Have you ever wondered what lies beneath Kyiv’s cobblestoned streets? It is believed that a total of sixteen rivers flow throughout a labyrinth of tunnels under the city. Dating back hundreds of years, these rivers were submerged by city planners to better connect parts of the metropolis. Today, they remain in complete darkness, hiding an unrecognisable facet of the Ukrainian capital.
Another Side of Kyiv
Three specific tunnels are said to be the most interesting: Hlybochytsya, Khreschatyk, and Askoldova. The first – Hlybochytsya, was an ancient river that flowed in the place of what is now Hlybochytsya street, constrained by streets
Verkhnii Val and Nyzhnii Val
on one side. In 1840, the river was submerged to unify the land and capitalise on the space. What remains is a cryptic environment worth uncovering, with its yellow-brick and egg-shaped structure, and clear trickling streams.
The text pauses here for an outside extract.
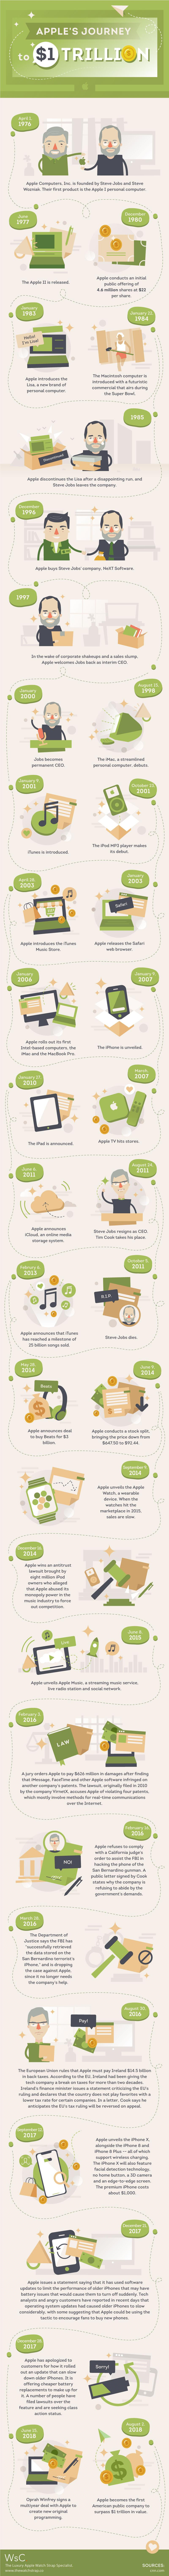 Apple-Journey-to-1-Trillion-Infographic

Some say it’s reminiscent of London’s sewers – but without the smell, of course!
The next tunnel worth discovering is the Khreschatyk, which, as you might have guessed, is located under Khreschatyk street. Prior to submersion, this river posed a severe threat to Kyiv’s development throughout the 19th century. The winter months saw constant flooding, accidental drownings of residents and animals, and the risk of creating a ‘new Venice’. In response, the river was sunk in 1888 at the cost of $1.5 million. Today, you can encounter a completely different perspective of Khreschatyk to the one you know above ground. There may not be a Vsi Svoi, but you’re sure to come across other Ukrainian-made charms and some fantastic sights to remember.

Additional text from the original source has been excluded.